Among the six double mutants investigated, the ∆PsbT:∆PsbV strain was the most impacted and exhibited a phenotype that was as severe as that of the ∆PsbJ:∆PsbV mutant (Choo et al. 2022). The ∆PsbT:∆PsbV mutant did not assemble stable dimers, potentially due to destabilized PsbO binding, and an enhanced presence of the RC47 complex was apparent in this strain (Fig. 3c, d). It is likely that the absence of any signal for PsbO in Fig. 3d is the result of unbound PsbO in the thylakoid lumen being lost during membrane isolation. Furthermore, the reduced PS II level in these cells was reflected in the low-temperature fluorescence emission spectrum with excitation at 580 nm with the energy from the phycobilisome terminal emitter being released at 685 nm (Fig. 2f).

It has previously been shown that the ∆PsbO:∆PsbV double deletion mutant is not photoautotrophic and only supports oxygen evolution at approximately 10% of the wild-type rate (Shen et al. 1995); hence the absence of PsbT, in combination with the absence of PsbV, may destabilize PsbO binding to the extent that the ∆PsbT:∆PsbV cells also lack PsbO (and quite possibly PsbU) and that this is responsible for their inability to grow photoautotrophically or to evolve oxygen. Our data in Fig. 3d also suggest that PsbO binding may be weakened in the ∆PsbM:∆PsbV strain, contributing to the phenotype observed with these cells; however, unlike the ∆PsbT:∆PsbV cells, the ∆PsbM:∆PsbV mutant was able to support oxygen evolution at approximately 84% of the wild-type rate when the native quinone was operating in whole chain electron transport in the presence of bicarbonate.

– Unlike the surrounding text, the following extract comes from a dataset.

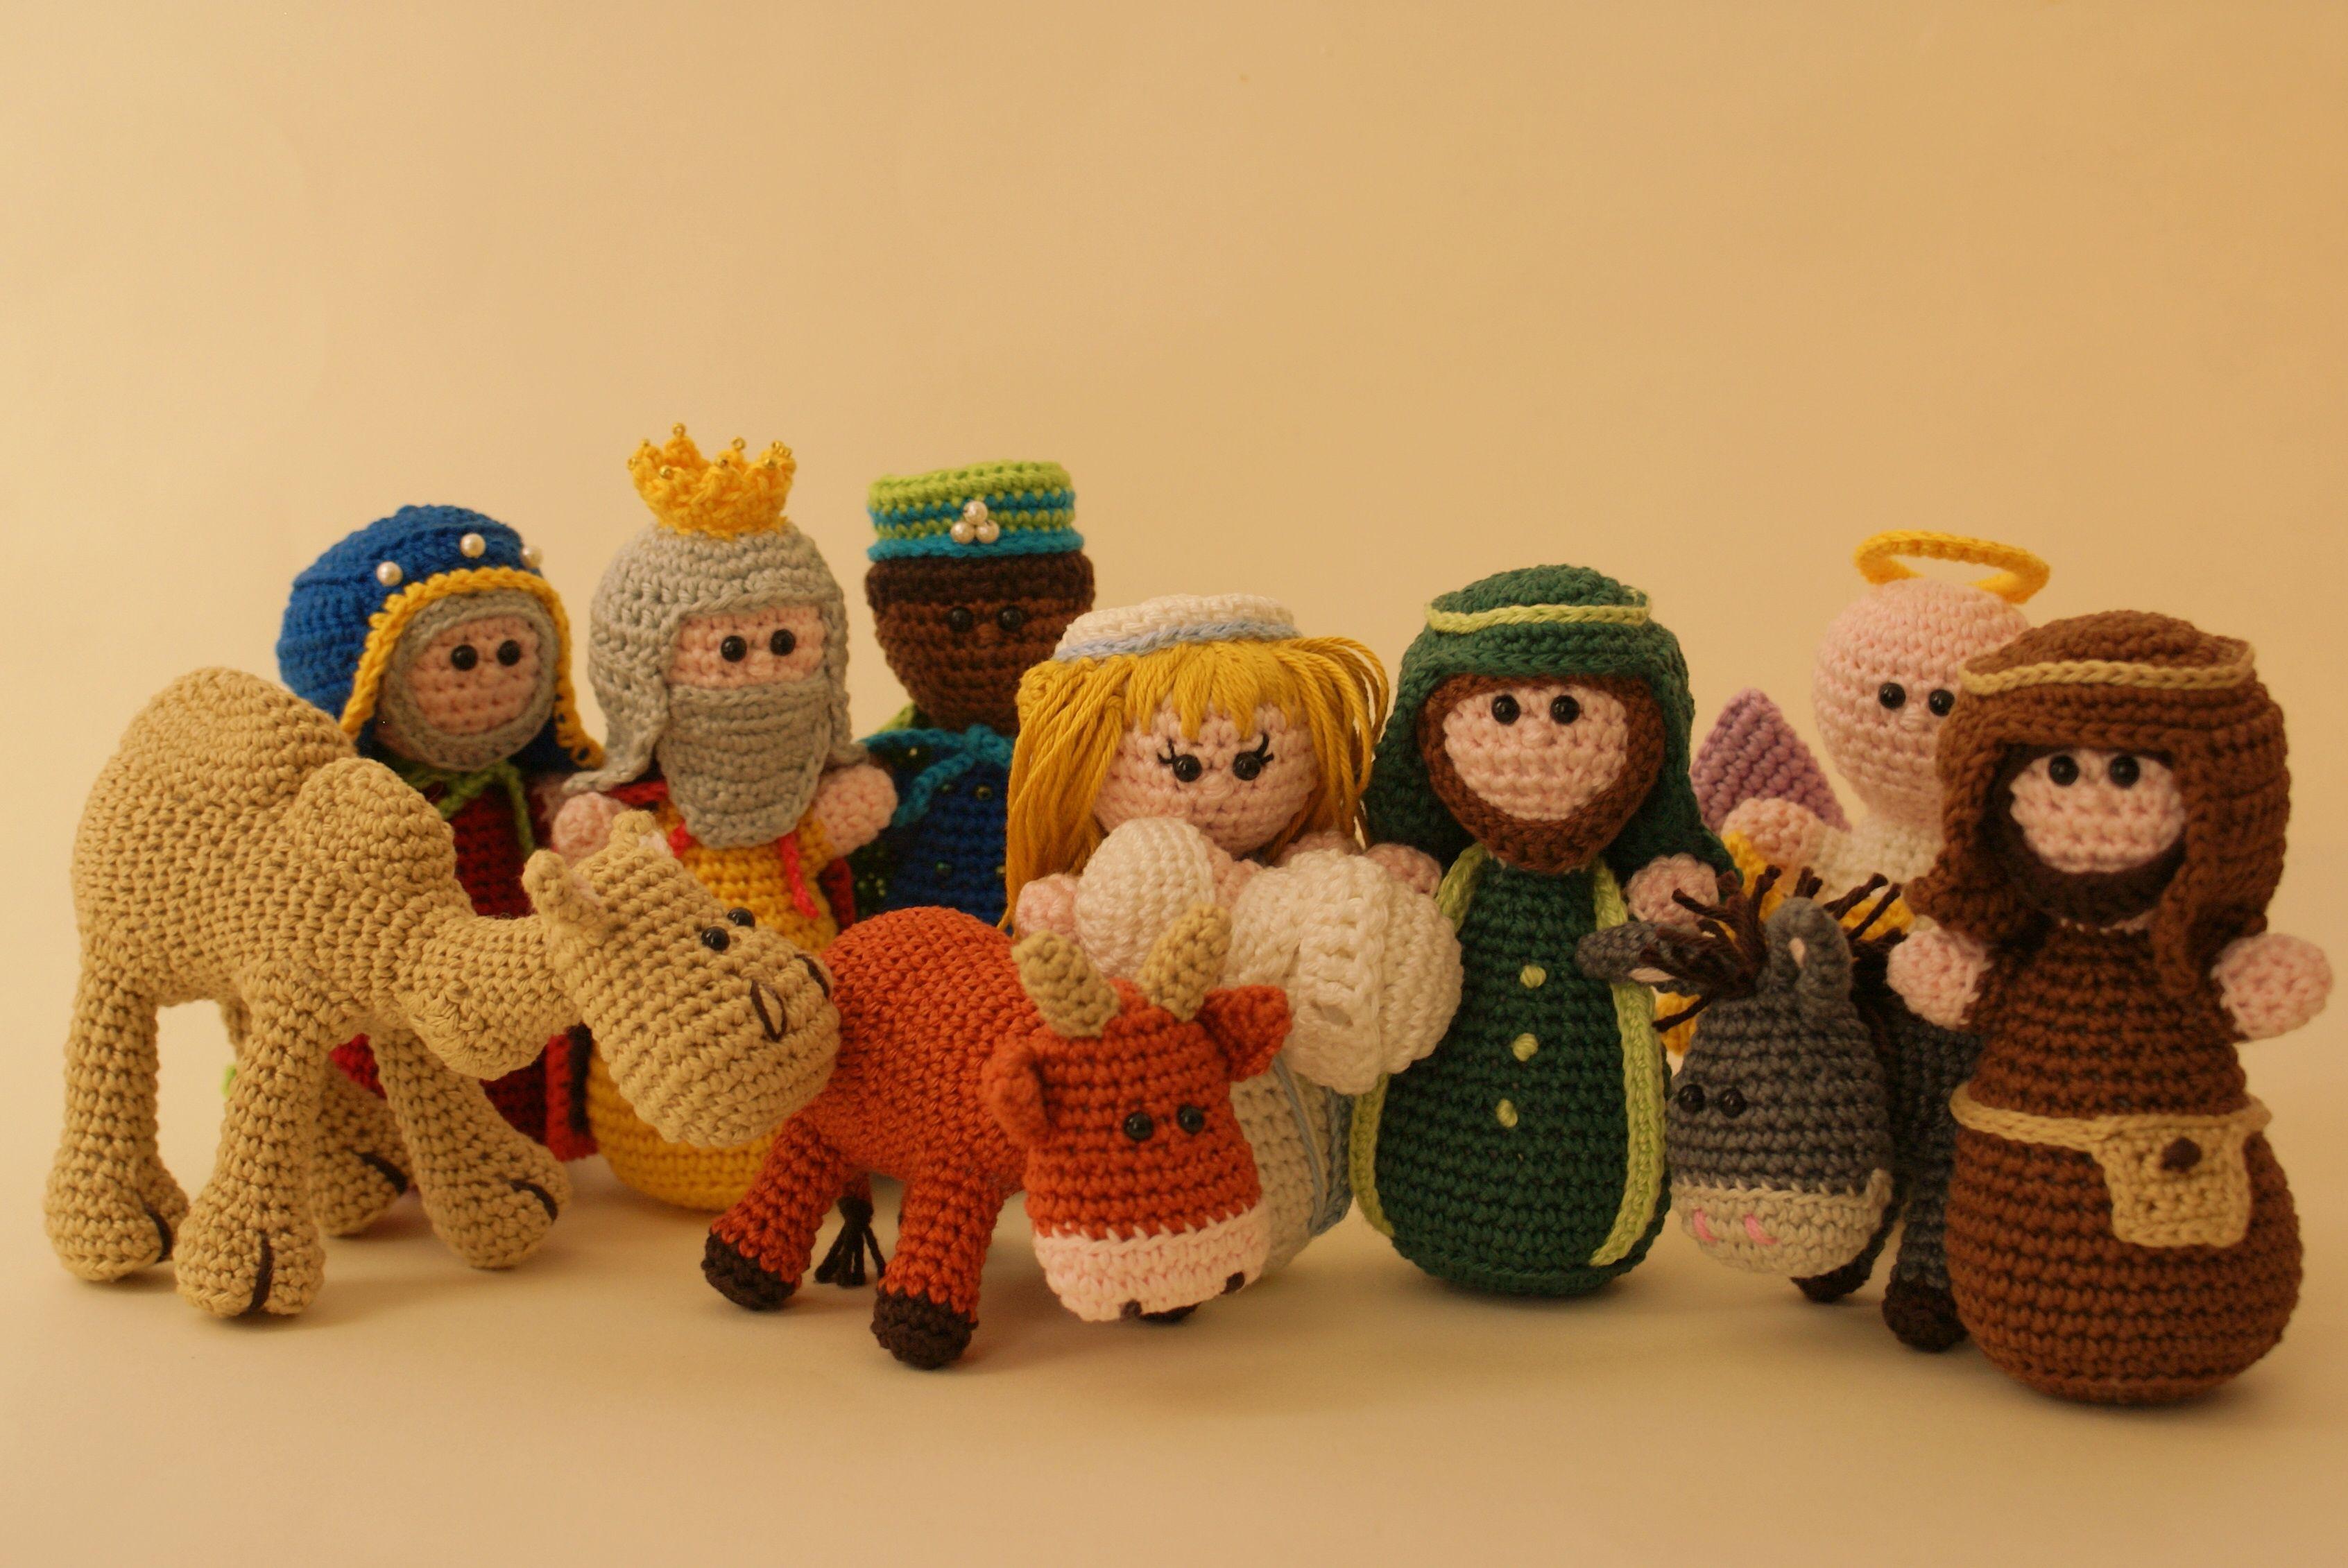 Pattern from www.echtstudio.nl | ♥ Amigurumi!! ♥ Community Board ...

Hence, PsbT appears to make a stronger contribution to PsbO binding in the absence of PsbV than PsbM.

Conclusion

Neither PsbM nor PsbT have direct protein-protein interactions with the extrinsic proteins; however, these LMW proteins, found at the monomer-monomer interface of the mature PS II complex, have synergistic roles with PsbO, PsbU and PsbV. The removal of the extrinsic proteins in cells lacking PsbT produced more disruption to PS II assembly and activity than their removal in the absence of PsbM. The extent of the observed perturbation of PS II was most evident when the PsbV protein was removed and least evident when PsbU was absent. However, in ∆PsbT:∆PsbU cells the variable fluorescence from PS II and low-temperature emission from PS II was elevated despite their being no accompanying increase in the amount of PS II detected. Among the six mutants examined only the ∆PsbT:∆PsbV mutant was unable to grow photoautotrophically or to evolve oxygen. Since PS II monomers were present in the ∆PsbT:∆PsbV cells, the results suggest the OEC cannot assemble in this double mutant.